I usually go to a church’s Good Friday service except this year, not because of any particular good reason, it was only because I didn’t want to go all the way out to the church in the city. And by the time I was looking for local churches to go to, I was going to be late. There was one I could go to but I really didn’t want to hear my dad preach because I know I will not be able to be focus but be critical of his preaching and being nervous about him.
I am probably my father’s biggest sermon critic.
So I ended up watching the Harvest’s Greg Laurie Thursday Good Friday service online. I wonder if it is for people on the other side of the globe a day early?
It is funny and the situation shows how detached I am, what a struggle I am in and how dry I might be in. I feel like I am in the winter of my spiritual walk.
When I was part of a church community, I would know when the Good Friday service was. My friends, brothers and sisters will ask if anybody want to get a quick dinner before. I would have fellowship.
Greg Laurie’s message was alright. Yet I feel it is so, how can I describe it, “rehearsed”? That’s not a very good word to describe it.
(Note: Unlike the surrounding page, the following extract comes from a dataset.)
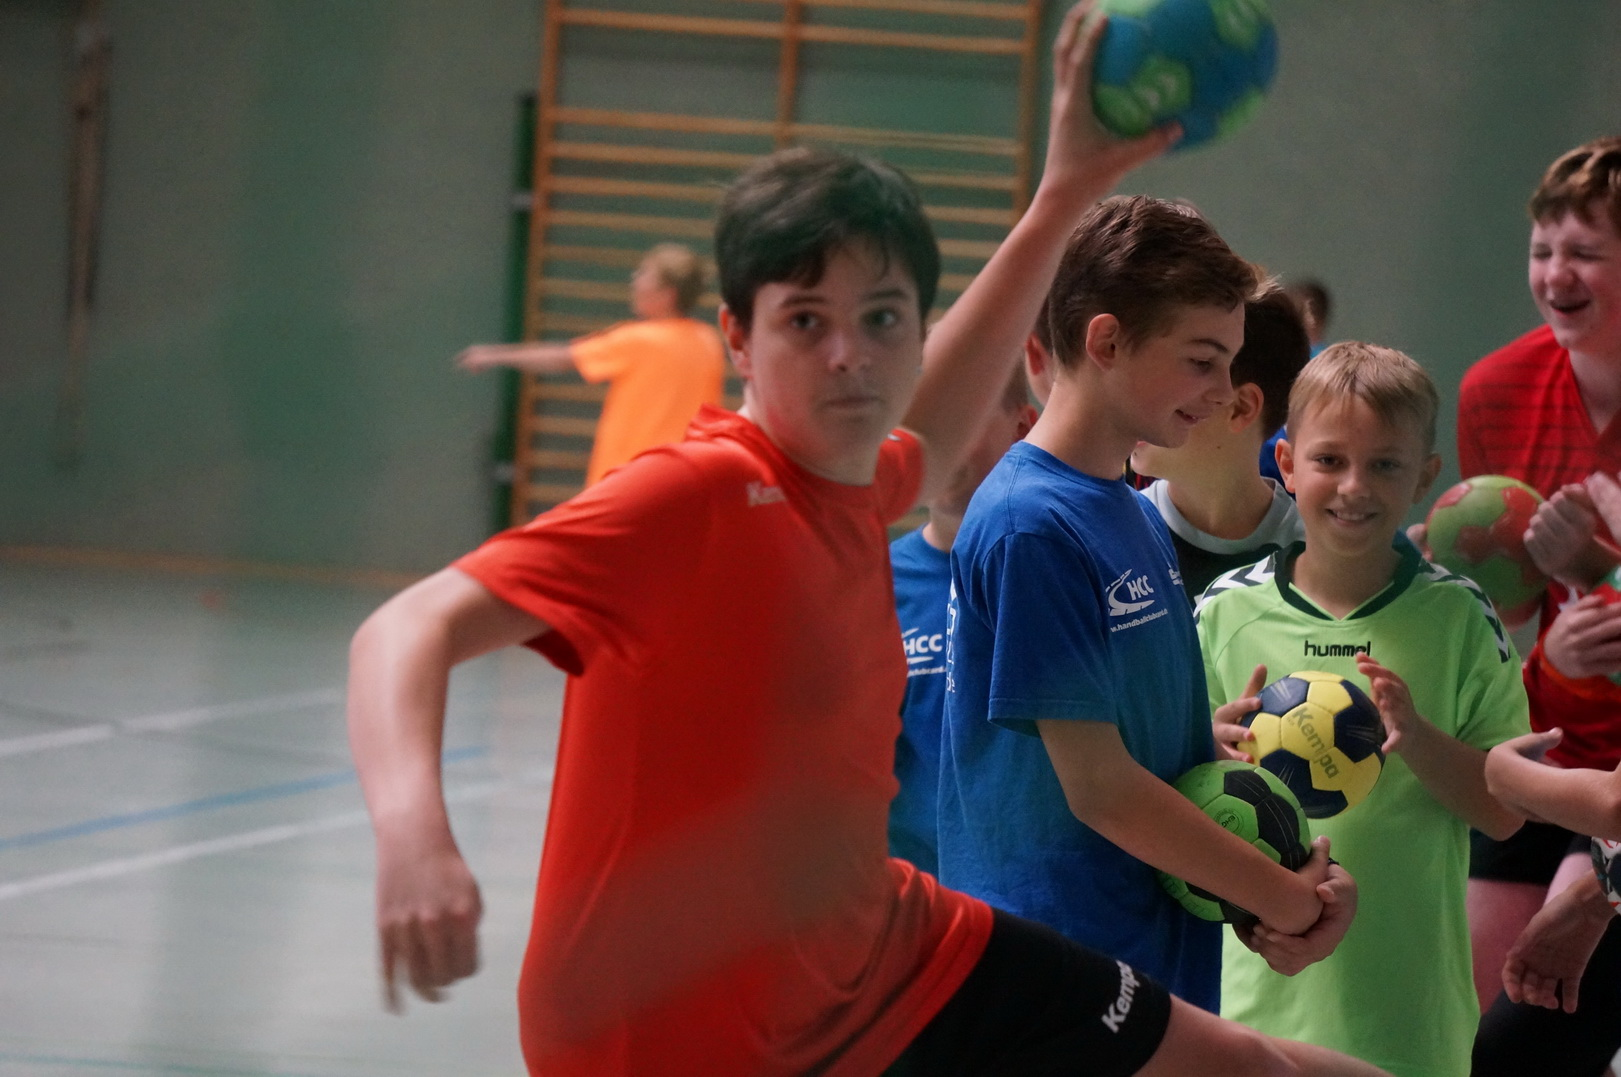 201808_Handballcamp_SDH_MG_136w

Greg Laurie is so smooth and at a speed which I feel like he was keeping pace. It is so “standardized”, feel a bit cliche. Somewhat unreal. I feel like it doesn’t go into the guts. It was alright.
And it’s strange watching it on the computer. I miss live sermon, the live worship, some real fellowship, talking with friends about sermons and the message. But at the same time, I remember that I hardly talk to my brothers and sisters about the sermon even though I wanted to.
There were only a few who would do that with me when the condition was right.
I think most people have other things on their mind or they just don’t want to share. I remember that some people get emotional when they really do share.
Whereas I think the guys at my old church were rather good. When we were together, we were honest and open to share.